I have been on about four engagements in a row this year where we are looking at SQL performance on VMWare or Hyper-V.
Here is a list of common things that you can do with virtualisation that may adversely affect SQL performance. Most of them also apply to physical environments, for example if you are consolidating SQL onto multiple instances.
- Using a large Shared disk group for all virtual workloads
- Mounting the VHD to VMWare disk on a server file system (instead of pass though disks)
- Using a large disk pool when only one controller can own the disk group (some SAN’s are limited in this way and some are not)
- Overcommiting CPU
- Overcommiting Memory
- Not using 64k block size and allocation unit size
- Not using Volume alignment (on guest and host)
- Using dynamic disks (much better in Hyper-V R2, but still not generally recommended)
- Not ensuring Logs are on dedicated spindles
- Not using multiple HBA channels on larger workloads
- Sharing a switch between data, network and CSV
- Not using CPU affinity (some virtualisation platforms support affinity)
- Not using an “enlightened” operating system (Hyper-V)
- Running multiple VM’s on a single host slightly decreases throughout, but this is kinda the point of virtualisation so hard to avoid.
- Running lots of SQL Servers on one host and having too few HBA cards or a low queue depth
- Running 32 bit SQL Server guest on workloads that need lot of memory.
- Not pre-sizing TempDB
- not planning for database growth events
The top one item (use of a shared disk group) is a very common configuration for disks, especially when using the clustered shared disk volumes. But we know they will adversely affect performance, so what to do ? ban these configurations?
A more practical approach may be to just accept that your latency for SQL Server will be slightly worse than it could be and to invest in making the disk infrastructure perform better, so we work out at the same performance on virtual environment as we would on the physical.

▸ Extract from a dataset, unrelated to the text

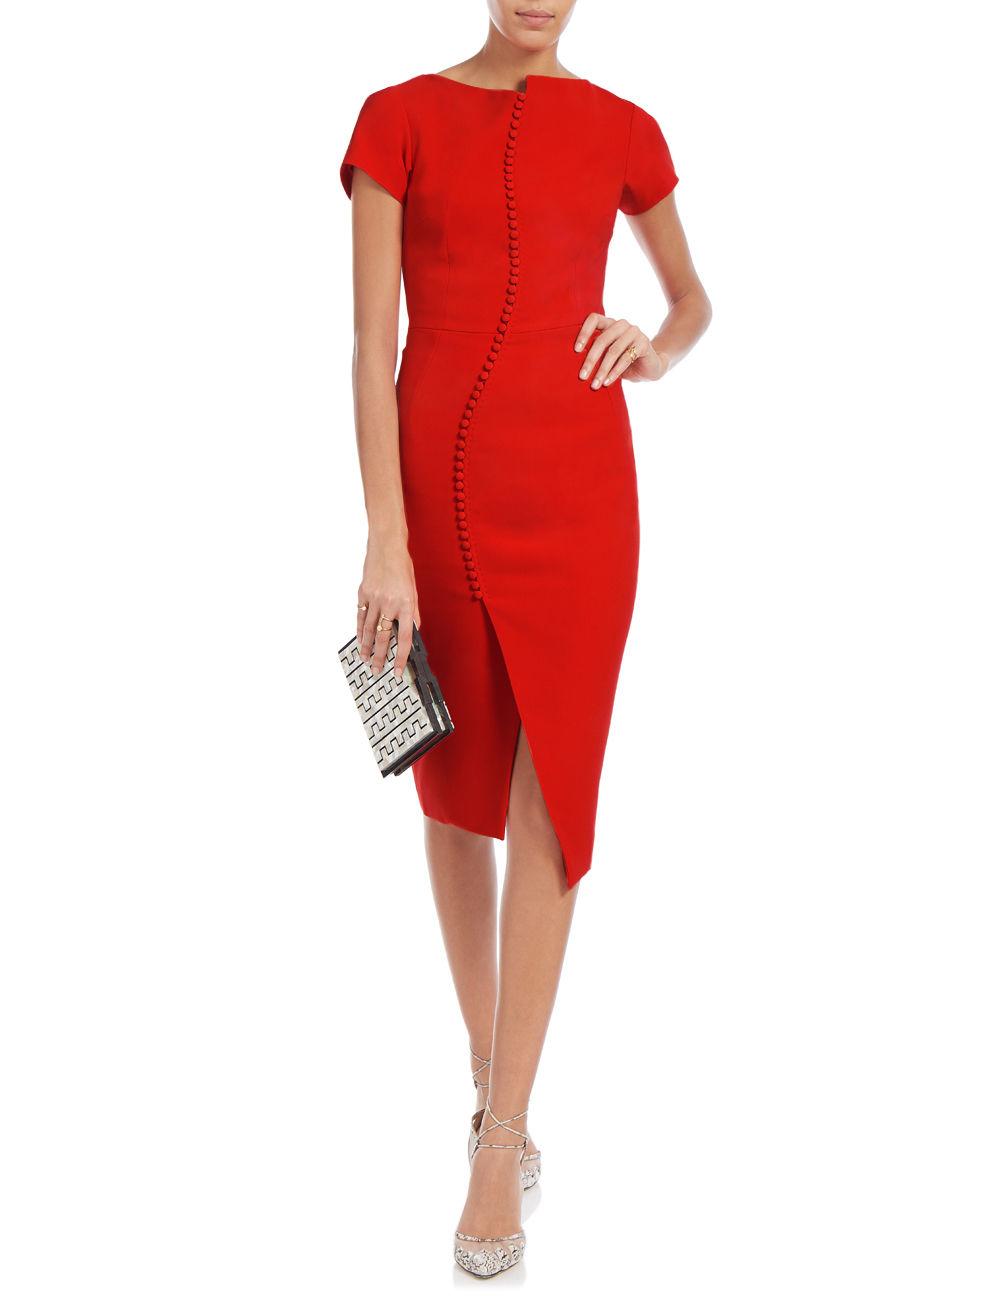 Antonio berardi Red Crepe Button Pencil Dress in Red
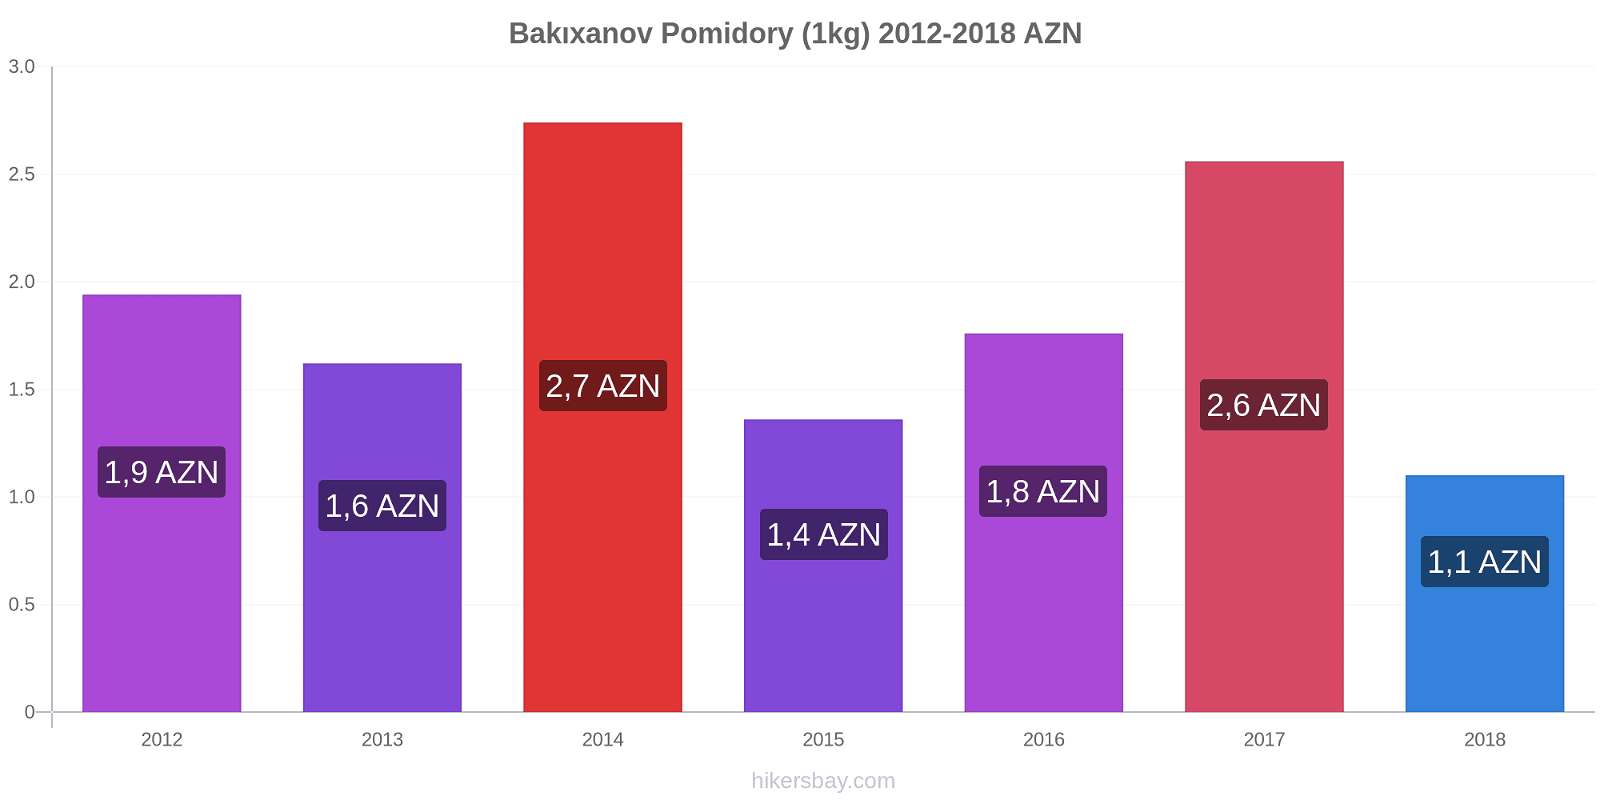 Bakıxanov zmiany cen Pomidory (1kg) hikersbay.com

For example if you know that a shared disk volume is going to add 1ms+, can we add more spindles to the disk pool to take away 1ms + from the latency.
If we do need to use a shared disk pool, can we at least separate OLTP and reporting/data warehouse workloads into two disk pools. One might be suitable for RAID 5/6 with spikes in sequential IOPS and one might lean towards RAID 10 with mainly random IOPS and a larger reliance on writes.
If we are overcommiting CPU, as we have lots of SQL Servers only using 5% of CPU, can we dedicate CPU’s for the one mission critical ERP database.
If we are sharing Logs, can we at least dedicate a disk group to shared Logs and allocate a dedicated log disk to the 1 or two critical workloads.
Cindy Gross has a great blog article on troubleshooting SQL Server on VMWare and associated white papers which is well worth a read.